[CentOS-virt] BUG: soft lockup detected on CPU#?

Sun Jan 20 00:29:38 UTC 2008
Brett Worth <brett at worth.id.au>

Hello All.

I've just started looking into Xen and have a test environment in place.  I'm seeing an
annoying problem that I thought worthy of a post.


I have 2 x HP DL585 servers each with 4 Dual core Opterons (non-vmx) and 16GB RAM
configured as Xen servers.  These run CentOS 5.1 with the latest updates applied.  These
system both attach to an iSCSI target which is an HP DL385 running ietd and serving SAN
based storage.

I have a test VM running CentOS 5.1 also updated.

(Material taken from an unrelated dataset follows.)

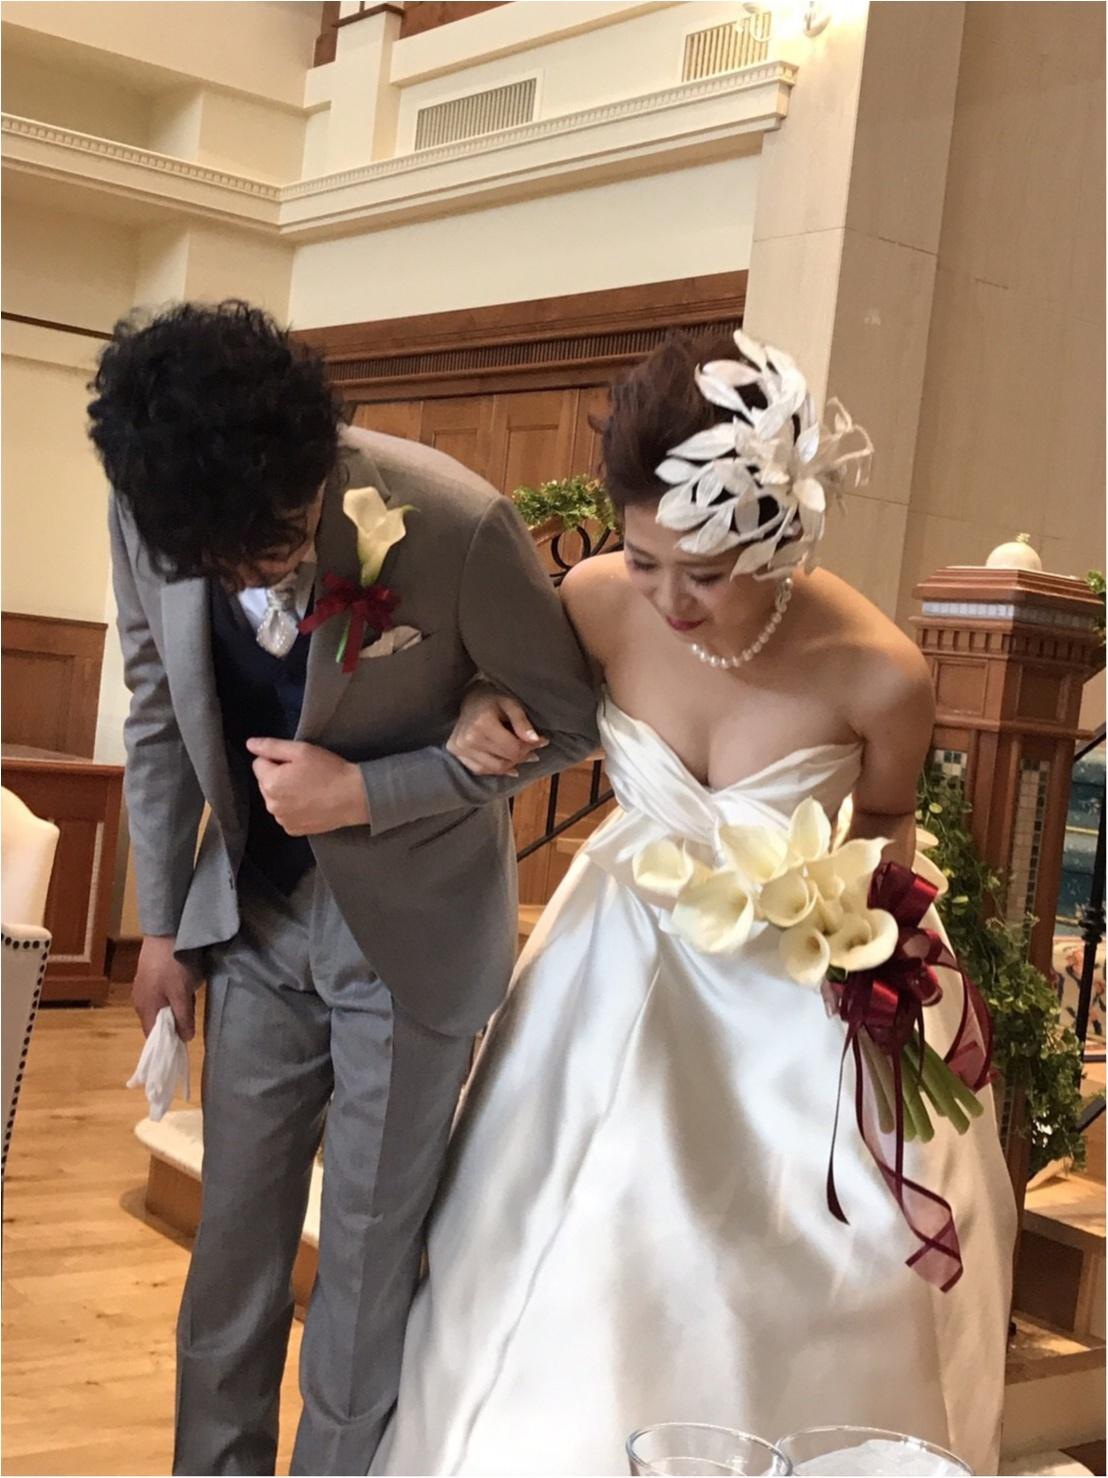 【ゆい婚】大好きなみんなに囲まれて過ごした最高の結婚式♡~今年の思い出を振り返り~_4
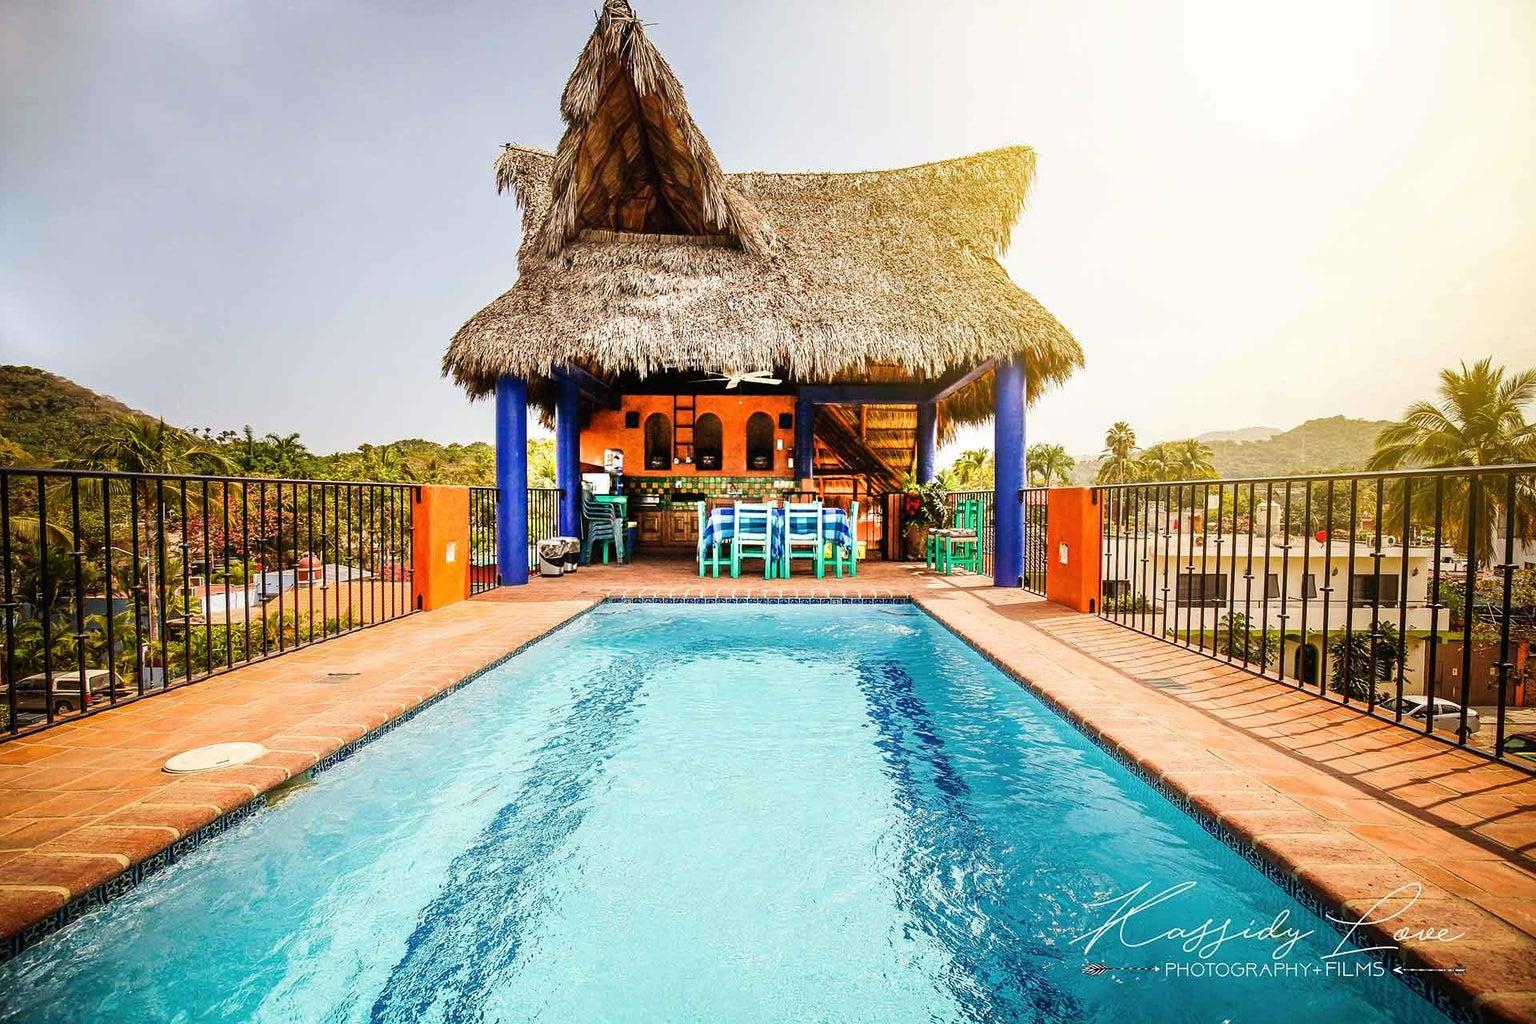 4bedroom-sanpancho-mexico-palmera-0020

If I run the VM on a single server everything is OK.  If I do a migrate of the VM to the
other server I start getting random "BUG: soft lockup detected on CPU#?" messages on the
VM console.  The messages seem to happen with IO but not every time.  A reboot of the VM
on the new server will stop these messages.

I've also left the VM running overnight a couple of times and when I do I find that any
external sessions (ssh) are hung in the morning but the console session is not.  New ssh
sessions can be started and seem to work.

After much googling it looks like the kernel messages can occur if dom0 is very busy but
mine is not.

Any suggestions?


Brett Worth